# Unterschied bei Schleifen



## J. (1. Feb 2010)

Hey Leute, 

bin noch recht am Anfang des Java-Programmierens. Kann mir jemand den Unterschied im Ablauf zwischen den Schleifen: WHILE, DO WHILE und FOR kurz erklären. ???:L

Danke im Vorraus

Viele Grüße
Jens


----------



## eRaaaa (1. Feb 2010)

Java Blog Buch : 02.08 Schleifen


> Die typische Verwendung einer *for-Schleife* besteht darin, solange einen Zähler hoch- oder runterzuzählen, bis ein bestimmter Wert erreicht ist
> 
> Eine andere Schleife ist die *while-Schleife*. Diese führt Code aus, solange ein bestimmter Zustand besteht. Praktisch gesehen ist eine while-Schleife eine for-Schleife – Nur ohne Initialisierungs- und Veränderungsbereich
> 
> Diese Schleife wird zum Beispiel beim Auslesen von Dateien häufig verwendet.
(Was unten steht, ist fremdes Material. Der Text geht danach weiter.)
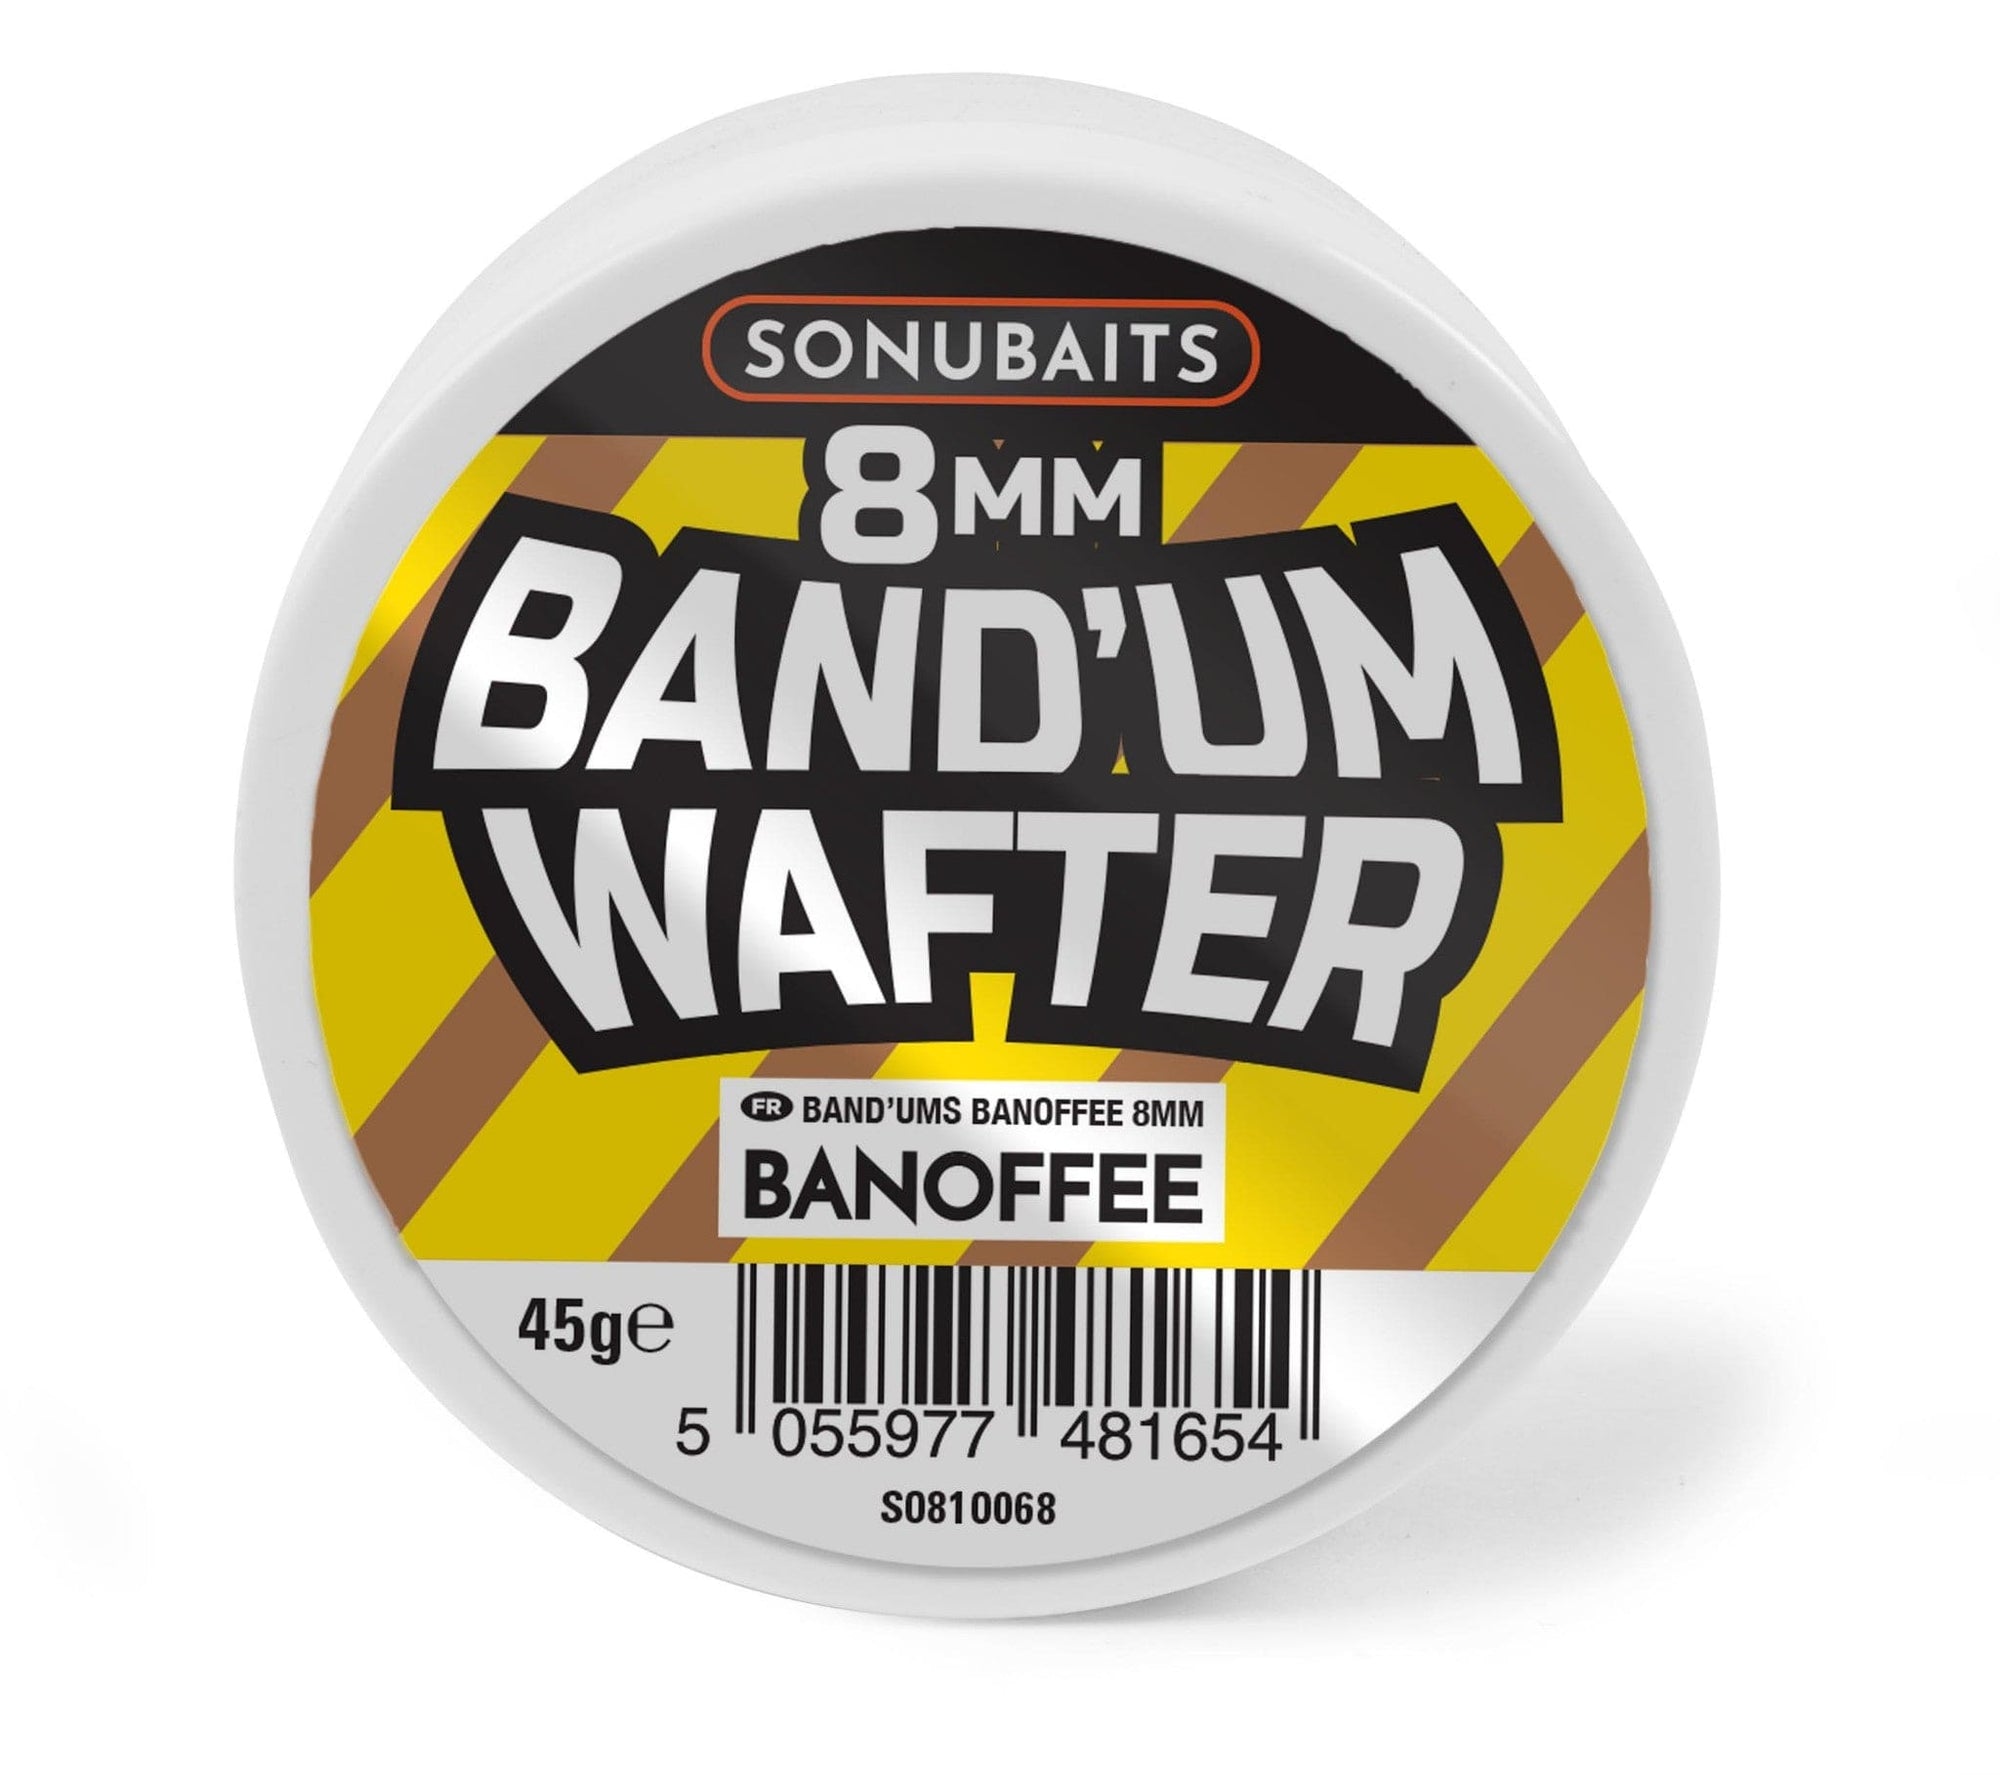 Sonubaits Band'um Wafters - Banoffee 8mm.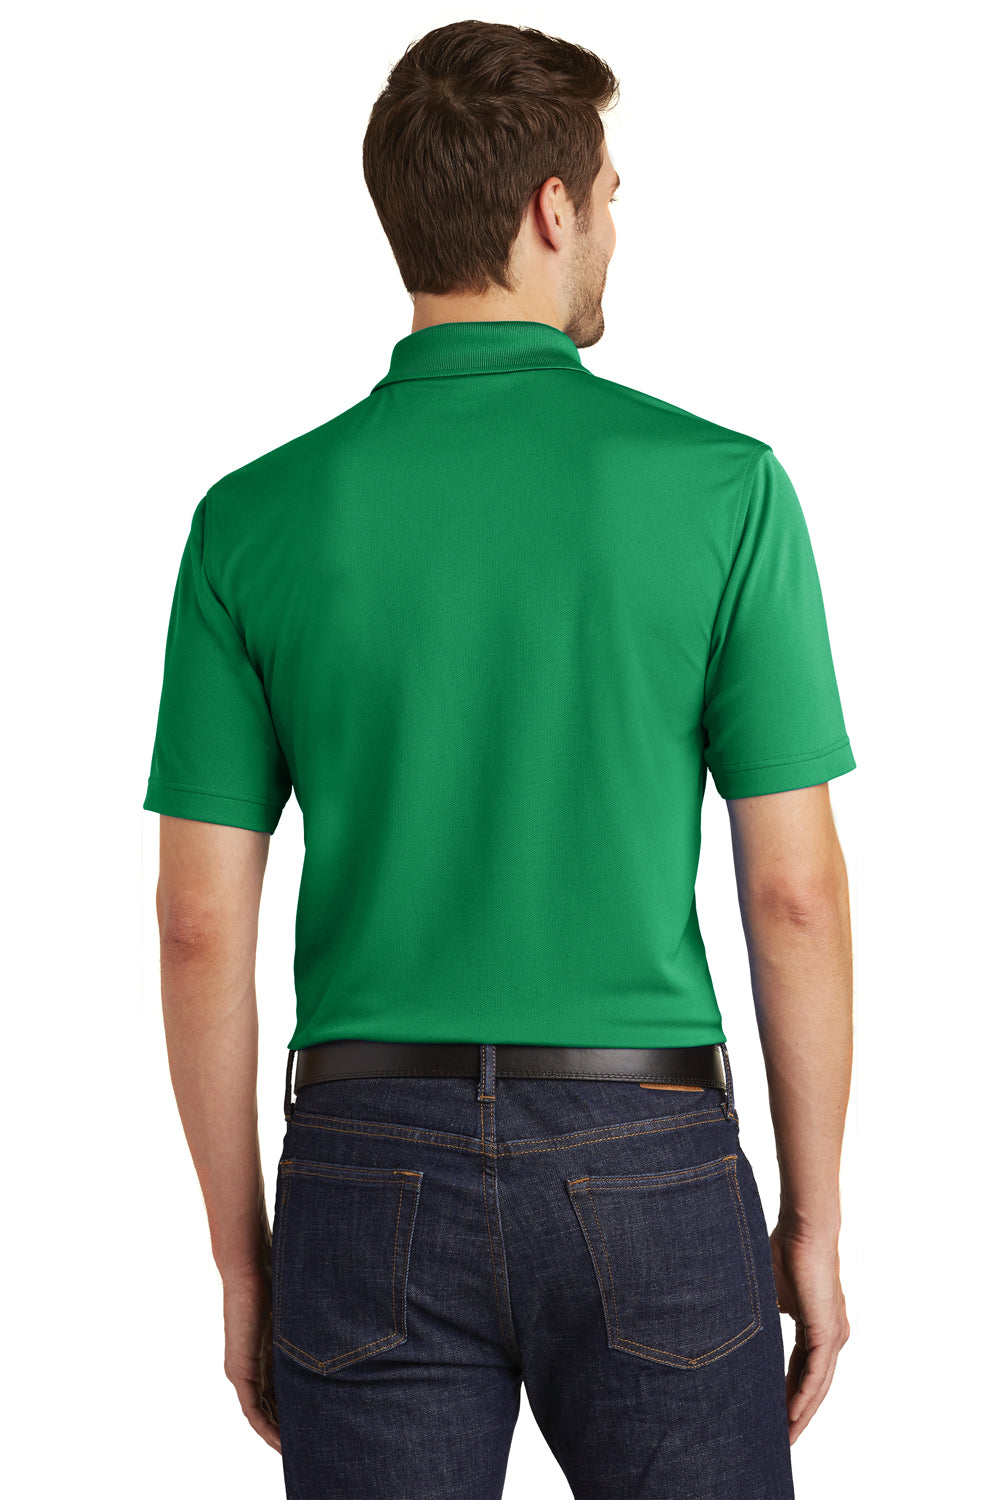 Port Authority K110 Mens Dry Zone Moisture Wicking Short Sleeve Polo Shirt Kelly Green Back

Eine Variante, um diese Schleife fuß- anstelle von kopfgesteuert zu verwenden, ist die *do-while-Schleife*. Dabei wird die Bedingung ans Ende gestellt und selbige auch erst nach Beenden des Codes im Block der Schleife geprüft. Dadurch wird gewährleistet, dass die Schleife immer mindestens einmal durchlaufen wird.


----------



## Mörketid (1. Feb 2010)

Noch Fragen offen?


----------